Действительно, Мод вся дрожала как в лихорадке. Но по-прежнему казалась – такое обманчивое впечатление создавали её прекрасно-точёные черты! – надменной, чуть ли не презрительной.
Роланд спросил, самым мягким голосом:
– Отчего же озноб?
– Я пыталась… я анализировала. Причина… в моей внешности. Если у тебя такая… определённого вида внешность… не оживлённо симпатичная, а классически…
– Классически красивая, – подсказал Роланд.
– Да, допустим. Ты невольно превращаешься… в общее достояние… в какого-то идола. Мне это не нравится. Но всё равно так получается.
– Так быть не должно.
– Даже ты – помнишь, в Линкольне, когда мы познакомились – стал меня смущаться и бояться. Я теперь уже от людей другого и не жду. И часто пользуюсь этим в своих целях.
– Хорошо. Но ты же не хочешь… не хочешь всегда быть одна? Или хочешь?

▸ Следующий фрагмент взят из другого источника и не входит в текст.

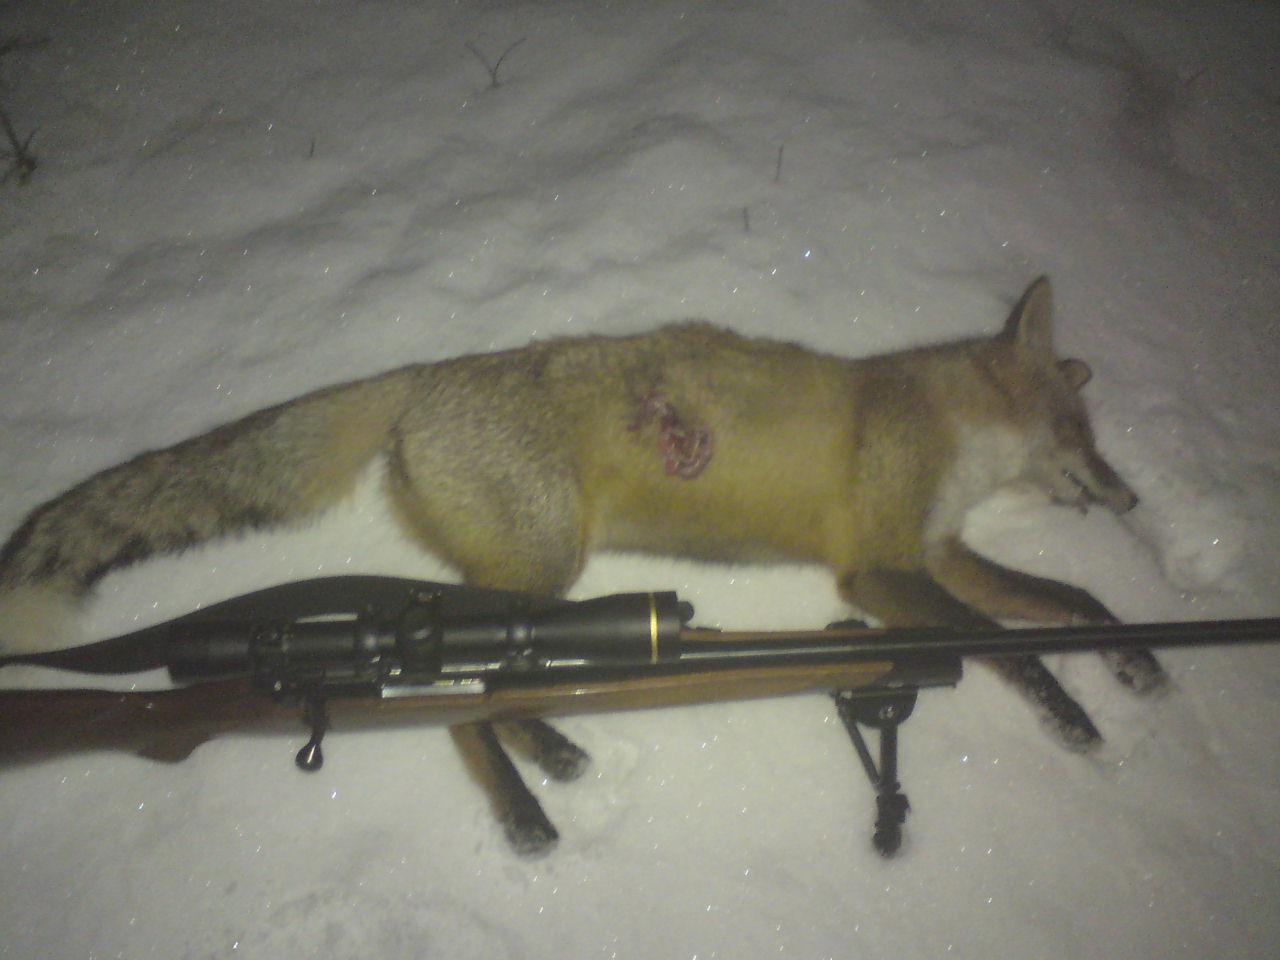 Манок на лису своими руками раненый заяц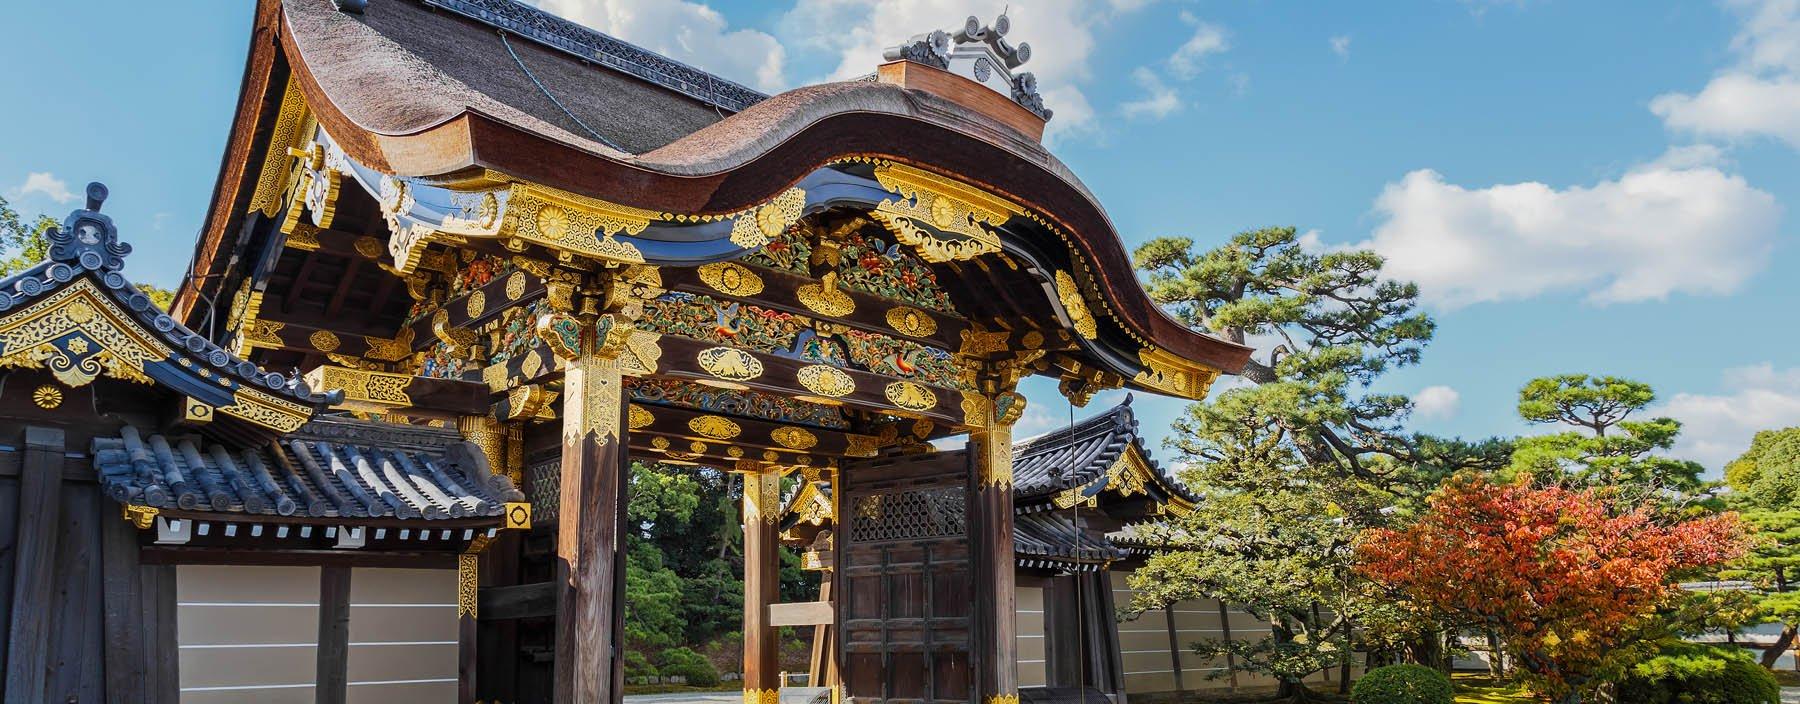 jp, kyoto, ninomaru paleis, nijo kasteel.jpg

– Я отношусь к этому так же, как она. Я выставляю защиту, никого к себе не подпускаю, чтобы иметь возможность спокойно делать мою работу. Я очень хорошо понимаю её слова насчёт целого, неразбитого яйца. О самозатворничестве, об одержимости собой. Об автономии. Но я бы не хотела быть совсем такой… Понимаешь?
– Конечно, понимаю.
– Я пишу о лиминальности. О порогах. Бастионах. Крепостях.
– А также о набегах и вторжениях?
– Разумеется.
– Ну, набеги – не моя стезя, – усмехнулся Роланд. – Я собственное уединение поберечь не прочь.
– Знаю. Ты бы… никогда бы не стал наплывать бессовестно на границы чужого мира…
– Накладывать свой мир поверх твоего…
– Да. Поэтому я и…
– Поэтому ты и чувствуешь себя со мной в безопасности?
– Нет. Нет. Не то. Поэтому я люблю тебя. Хоть этого и боюсь.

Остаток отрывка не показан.